[REBOL] Re: using parse to remove tags from html string
From: mgh520:yah:oo at: 19-Sep-2001 14:36
I picked this up again the other day, determined to solve it. It turns out I was really
close and debugging this has been helpful for understanding parsing, so I thought
I'd post my results. So here's a pretty simple and concise way to remove all tags from
a string (such as removing all html tags):
parse test [any [to "<" begin: thru ">" ending: (remove/part begin ending) :begin]]
The part I was missing before was the :begin at the end. What this does is still a bit
hazy. Here is a quote from an example in the /core users guide (search for
to find it):
Notice the :mark word used above. It sets the input to a new position. The insert function
returns the new position just past the insert of the current time. The word
mark is used to set the input to that position.

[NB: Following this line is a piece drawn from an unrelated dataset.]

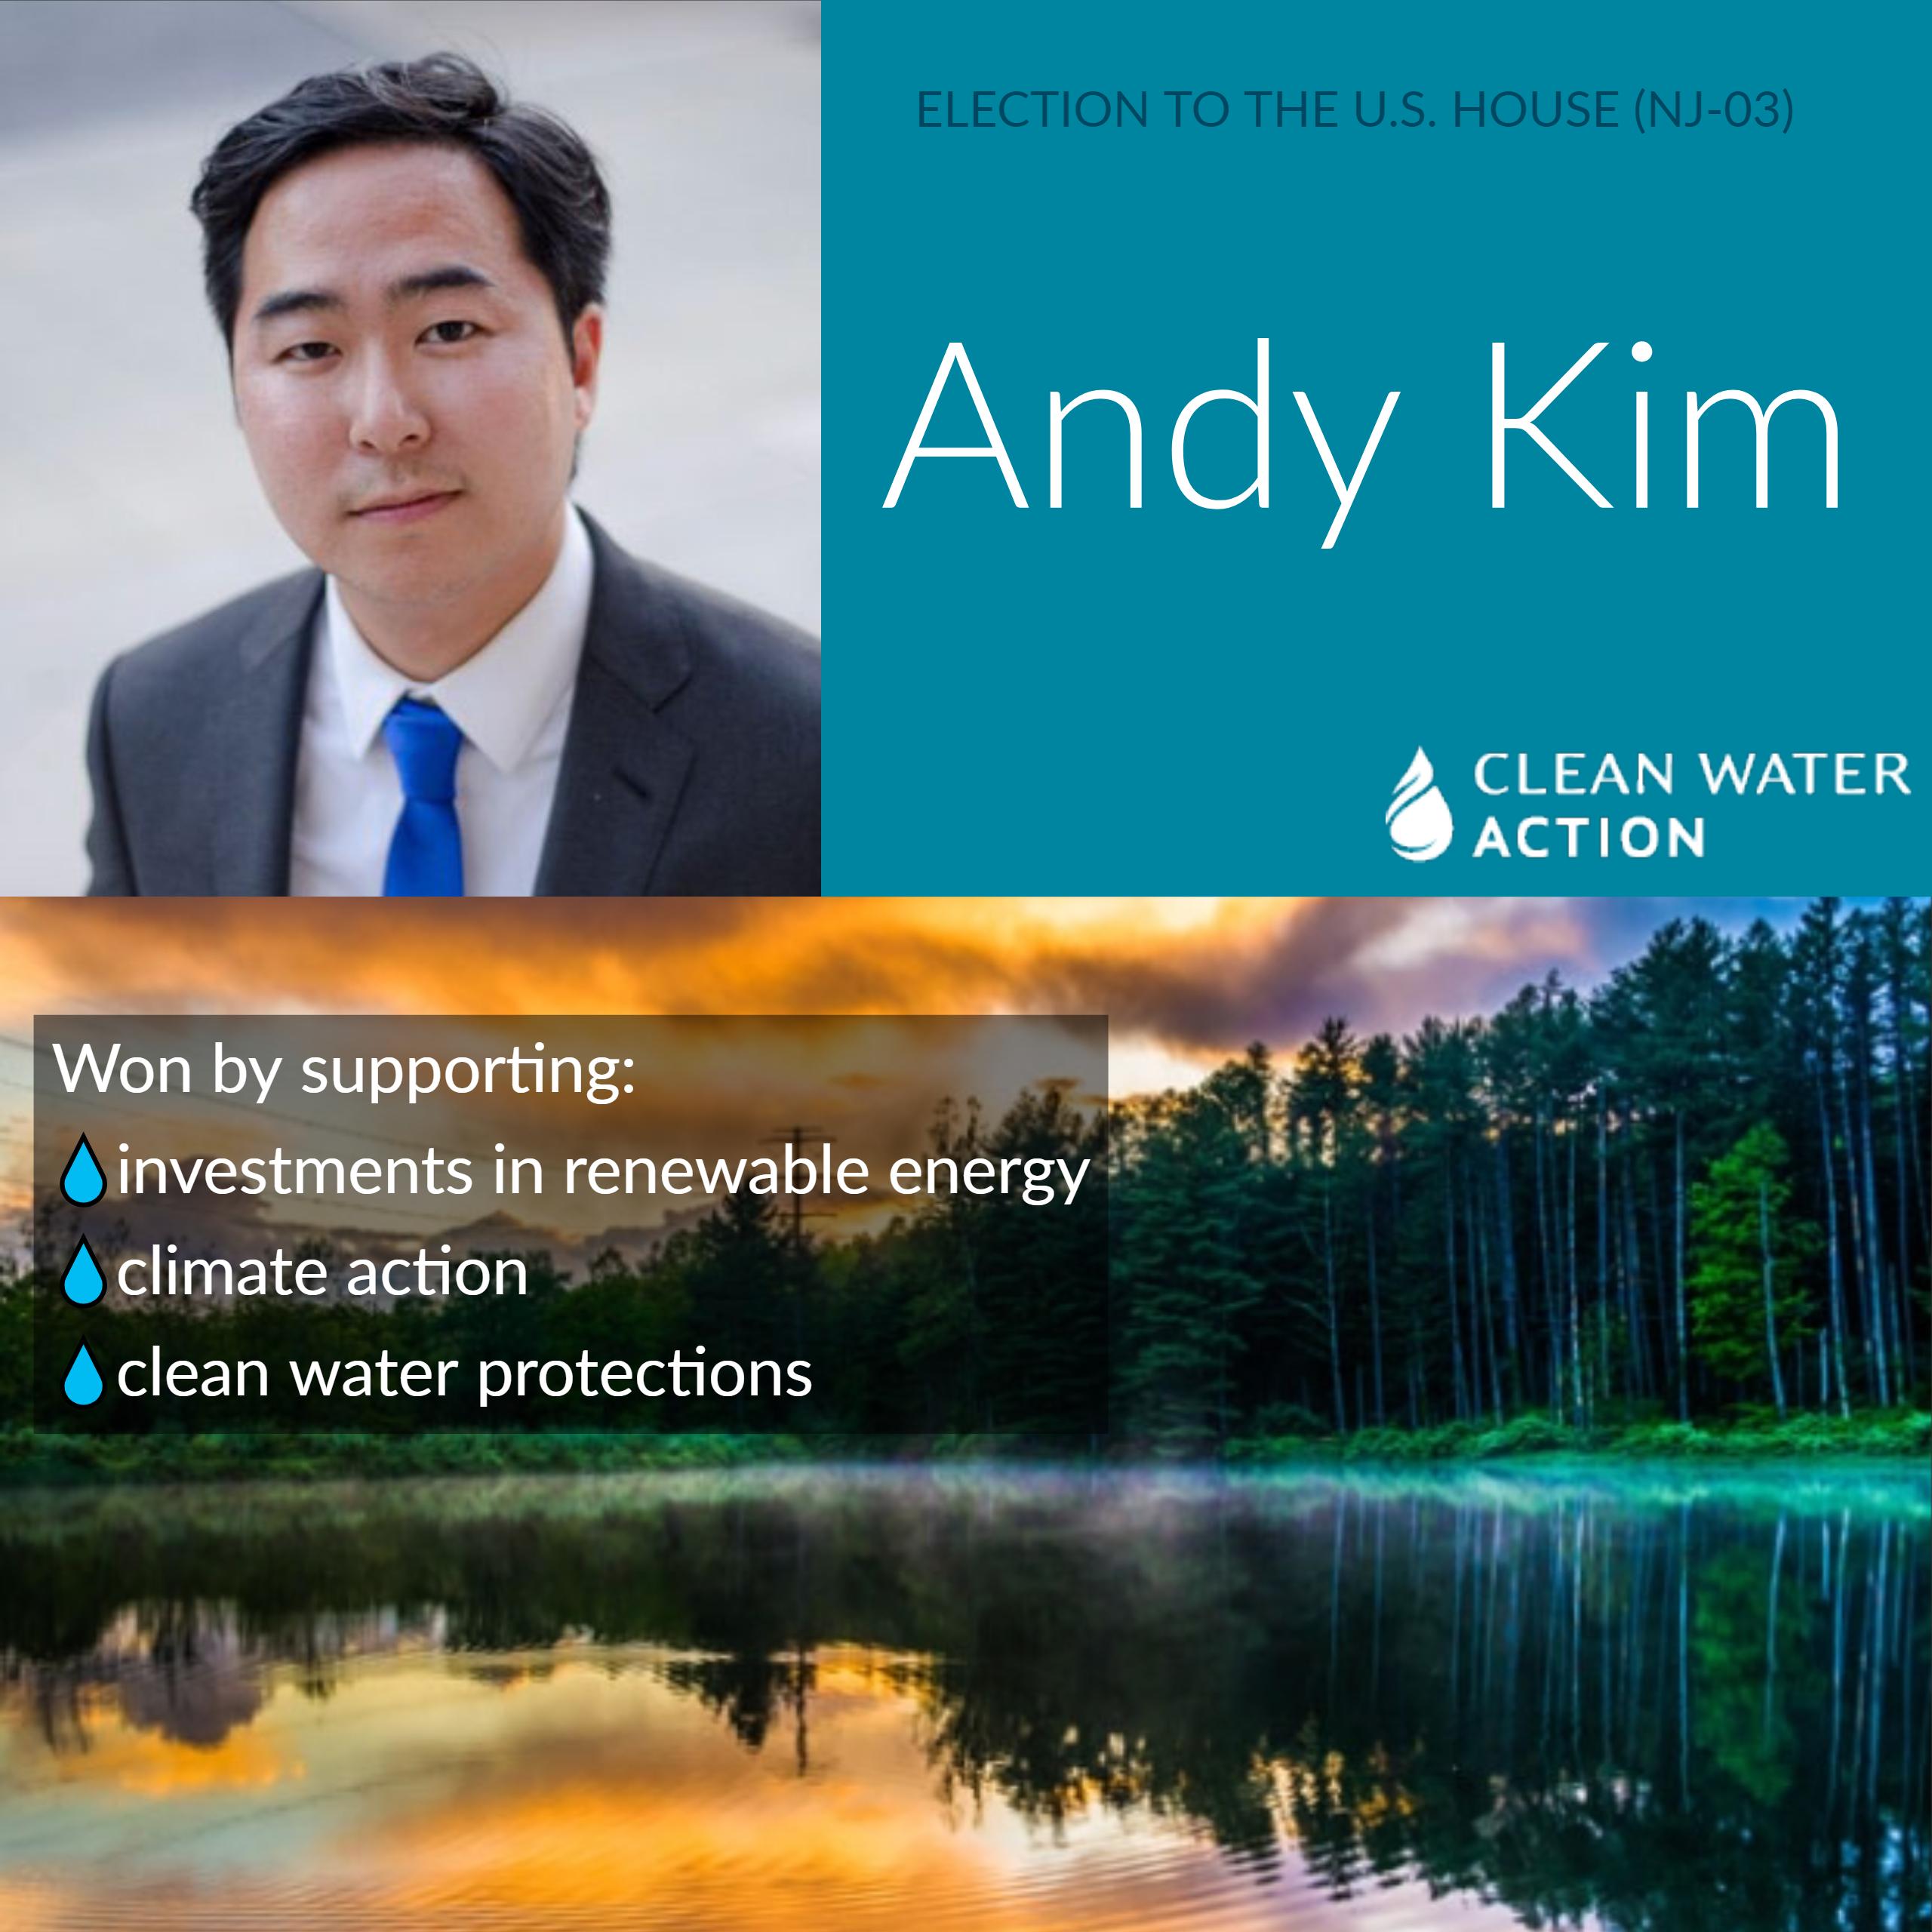 Andy Kim

So as I understand it, :begin in my example resets the position in begin, so that the
next parse will find the first instance of '<'. Without :begin, it will not see that
'<' and will end up leaving the name tag, <Name>, in the string.

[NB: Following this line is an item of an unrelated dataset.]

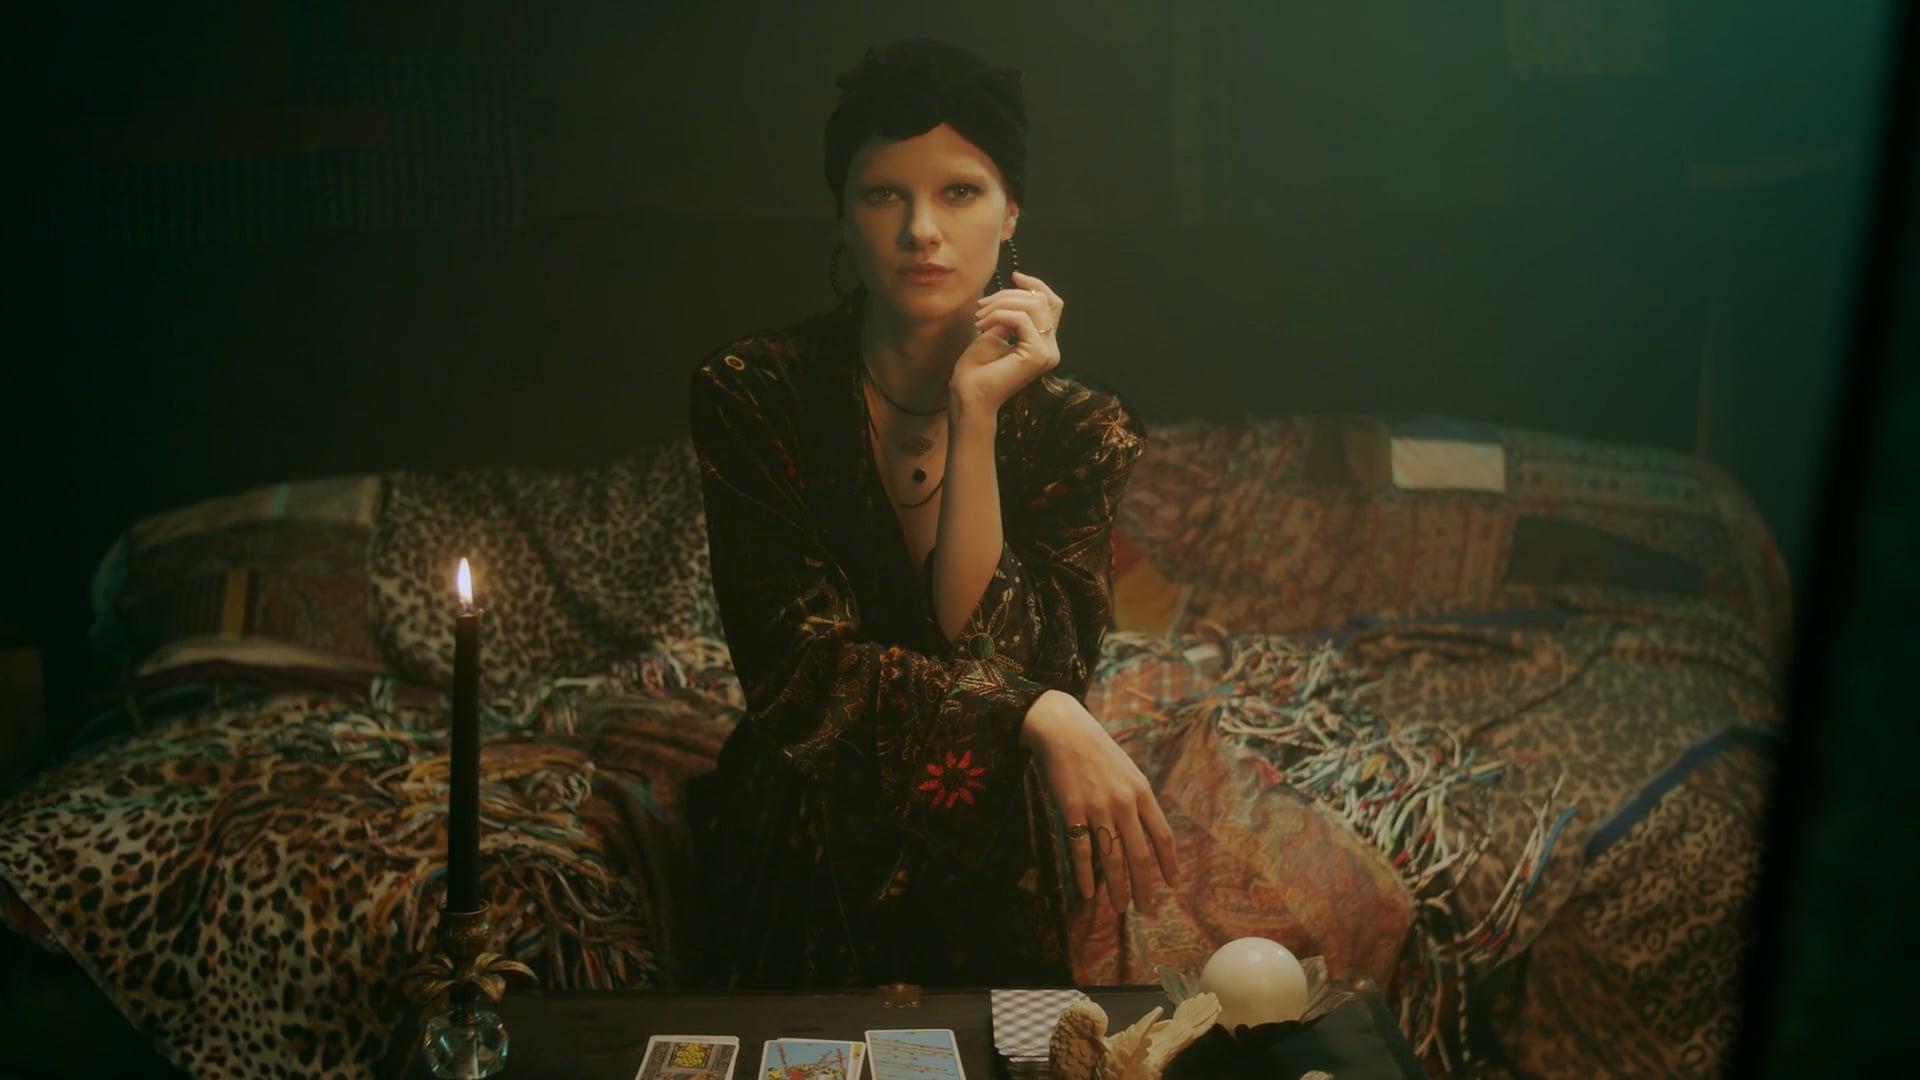 GINETTE NY - AJNA #1- The fortune teller instamovie

Here's a good way to display what is actually happening with this code:
parse test [any [to "<" begin: thru ">" ending: (print ["begin..." begin] print ["ending..."
ending] remove/part begin ending) :begin]]

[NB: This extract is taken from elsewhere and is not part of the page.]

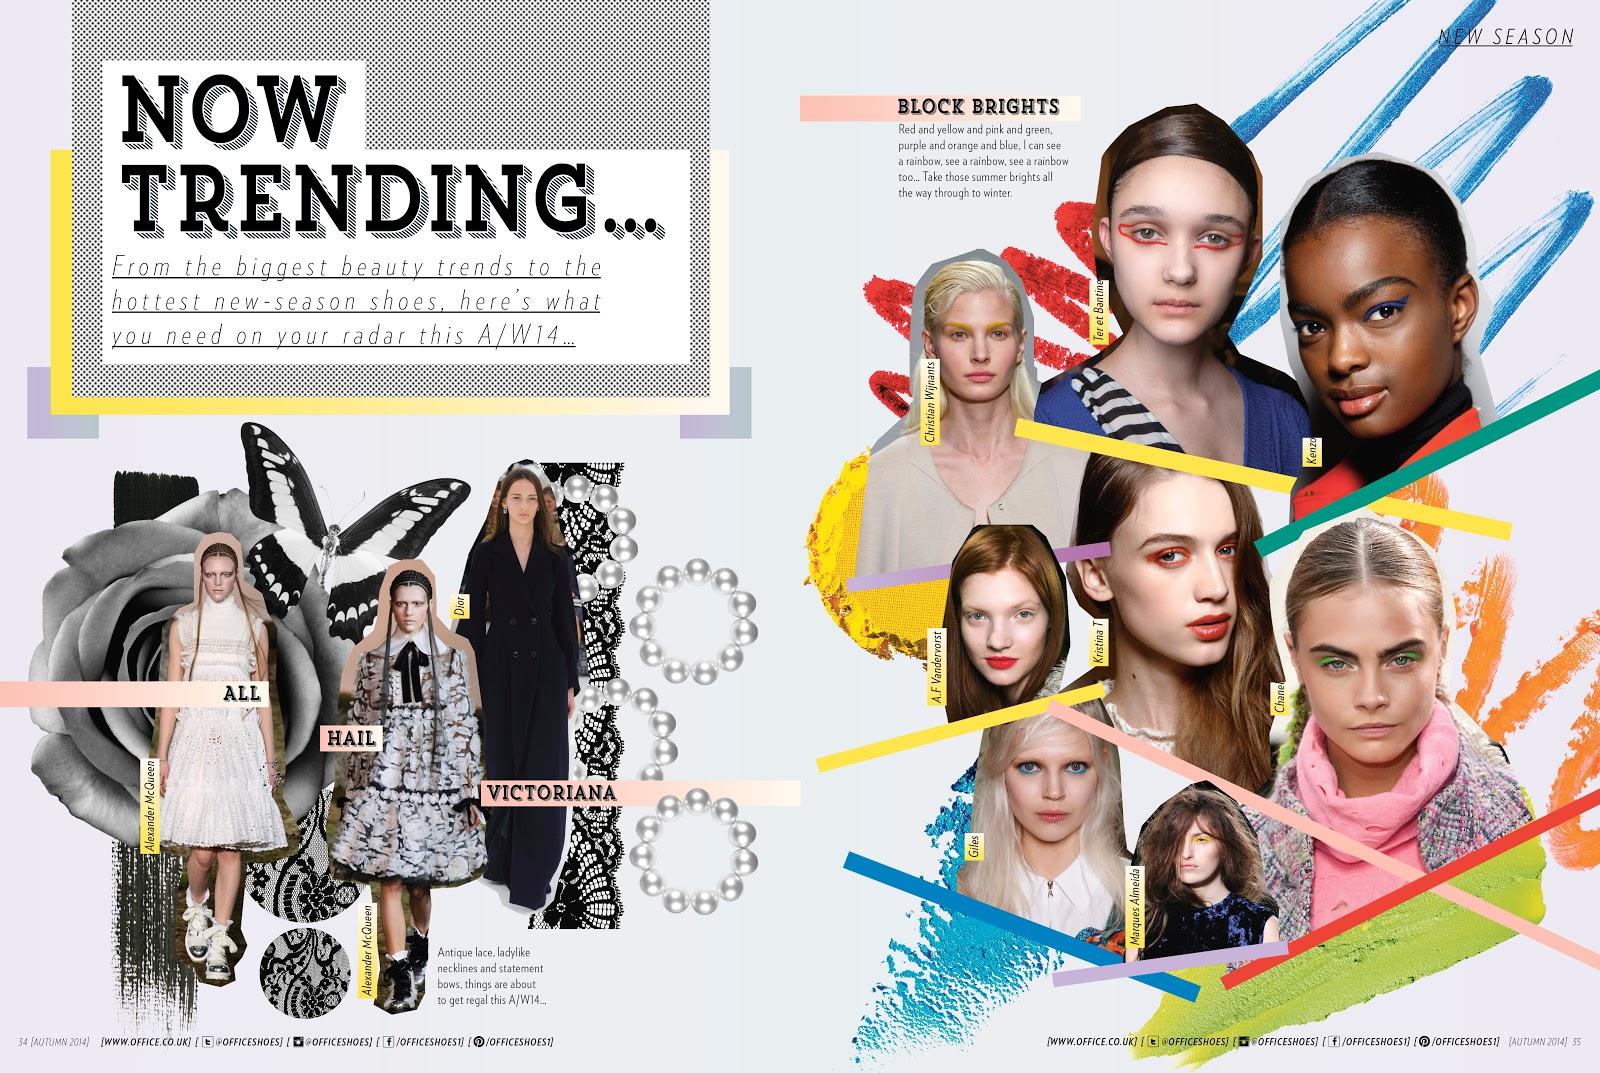 Zuki_Turner_Graphic design_new-season trends.jpg

This will show you what begin and ending are set to each pass through the string.
the play by play:
1. to "<" -- moves to the first instance of the '<' character in the string
2. begin: -- sets begin to the series starting at that position
3. thru ">" -- moves to the first character *after* the next '>' character
4. ending: -- sets ending to the series starting at that position
5. (remove/part begin ending) -- removes from series 'begin everything up until start
of 'ending. Since begin is pointing at the actual 'test series, when we do the
remove we are modifying test
6. :begin -- moves the insert position (I attempted to explain this above. If anyone
can better explain it, I'd be grateful).
and that's it! I know it's not much, but I was so excited when I finally got this to
work! Thanks for everyone's help, this is a great list.